Five whiskies are produced under the George Dickel brand:
George Dickel was born in 1818. He founded a retail business in Nashville, Tennessee, in the 1850s. The Cascade Tennessee Whisky brand was first produced in 1870. The Cascade Hollow distillery was founded in 1877 by John F. Brown and F. E. Cunningham. George Dickel bought a controlling interest in the distillery in 1884. He also bought the exclusive rights to bottle and sell the whiskey. Dickel withdrew from daily operations of the distillery in 1888 and died in 1894.
After Dickel's death, his share in the company was willed to his wife, Augusta, along with the advice to sell out. Augusta opted instead to retain her share of the company until the time of her death in 1916, when George's brother-in-law and long-time business partner V. E. Shwab took over full control of the distillery. Tennessee prohibition forced distilling operations to move to Kentucky in 1910. National prohibition forced them to shut down altogether.
In 1933, national prohibition was repealed. Shwab had died in 1924, and in 1937 his family sold the Cascade trademark to the Schenley Distilling Company. In the 1940s and 1950s, Schenley's product, produced at the OFC Distillery in Frankfort, Kentucky, was marketed as Geo. A. Dickel's Cascade Kentucky Straight Bourbon Whisky.
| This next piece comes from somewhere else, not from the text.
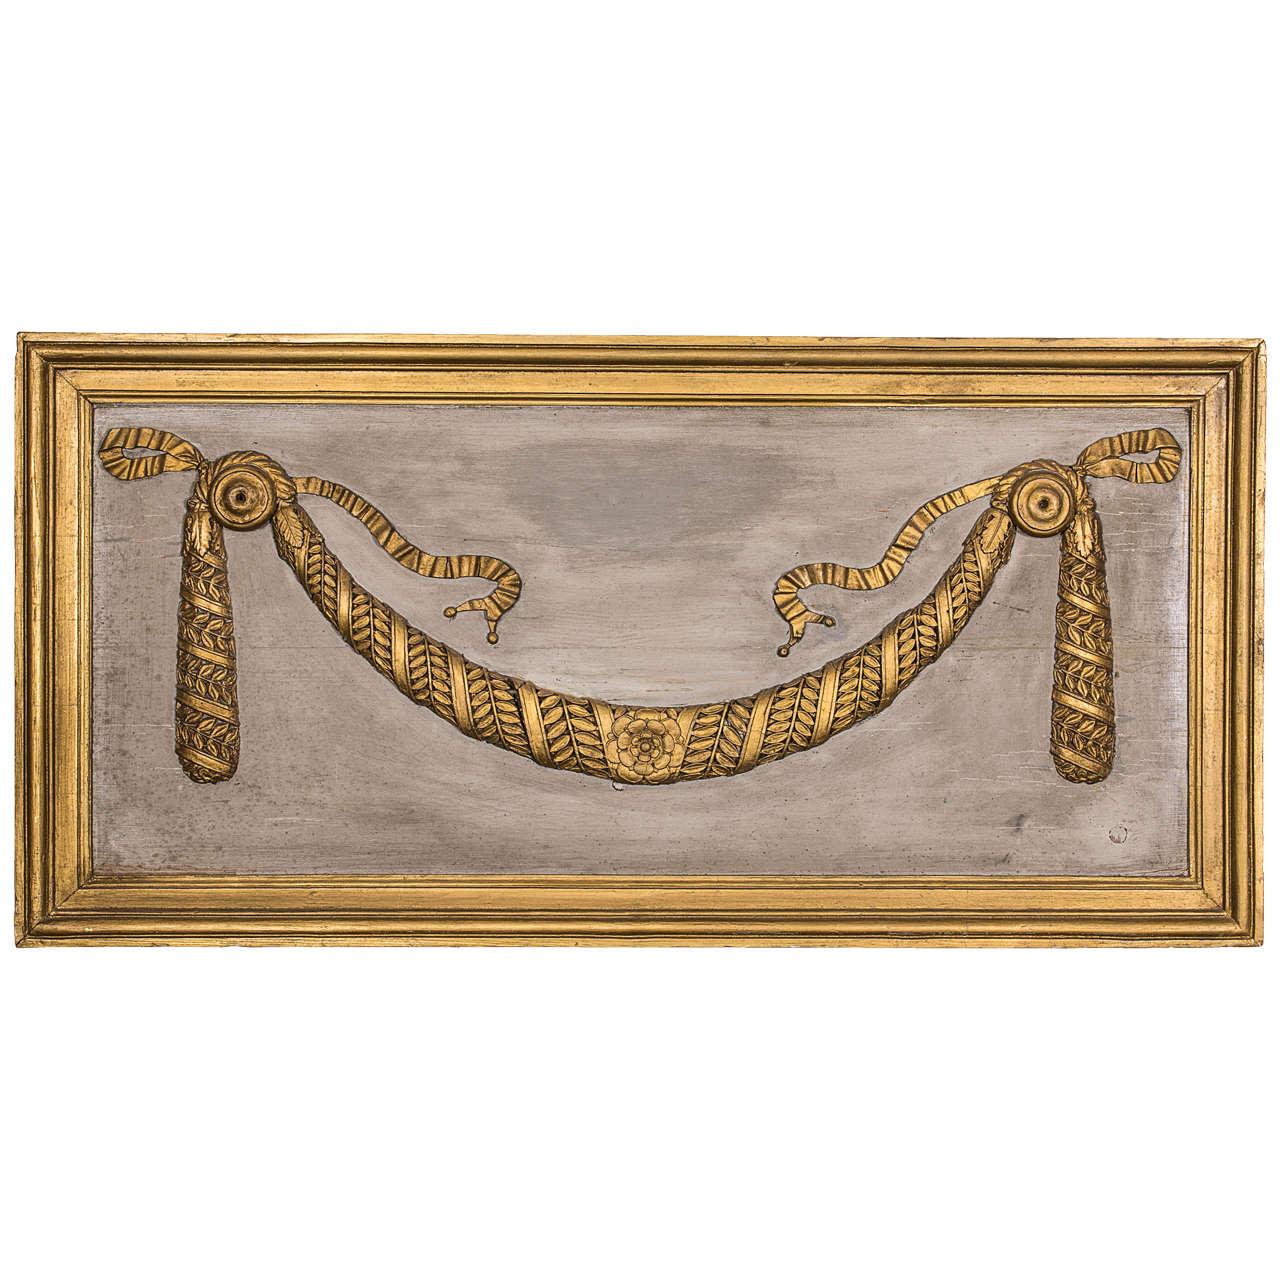 Italian, 18th Century Decorative Panel

In 1931, Schenley attempted to buy the Jack Daniel's brand. After its offer was refused, Schenley decided instead to return one of their own brands to its roots and compete against Daniel's. In 1958, after passage of enabling legislation and a referendum, Schenley's Ralph Dupps reconstructed the Cascade Hollow distillery and the original recipe, and George Dickel Tennessee Whisky was first bottled in 1964. Schenley opted to use George Dickel's name as the trademark because of the Cascade brand's reputation for value. Schenley shut down the Tennessee bottling operation in the 1980s, and the whiskey has since been hauled in tanker trucks for bottling elsewhere. Various mergers and buyouts have resulted in Diageo owning the Dickel brand.
Increased production of George Dickel in the 1990s caused supply to exceed demand. In response, the distillery closed to allow the whiskey's value to rebound and mitigate some wastewater issues at the distillery. It reopened in 2003, almost too late to prevent a shortage of Old No. 8 in the market by 2007. Diageo introduced a younger, three-year-old expression branded Old-Fashioned Cascade Hollow Batch Recipe to meet demand. It was discontinued in 2013, after aged stocks rebounded sufficiently.
George Dickel Rye, introduced in 2012, is the only Dickel product not produced at the Cascade Hollow Distillery. Most of the stages of its production are conducted under contract in Indiana, and is then trucked to the Diageo's facility in Plainfield, Illinois for filtering with Dickel's charcoal and bottling. It is mashed, distilled and aged at MGP Indiana.
In early 2014 Dickel introduced their No. 1 white corn whiskey, using an unaged version of their standard mashbill; the Dickel mashbill is over 80% corn, allowing for its sale as "corn whiskey".
The Cascade Distillery currently operates under the supervision of Master Distiller John Lunn.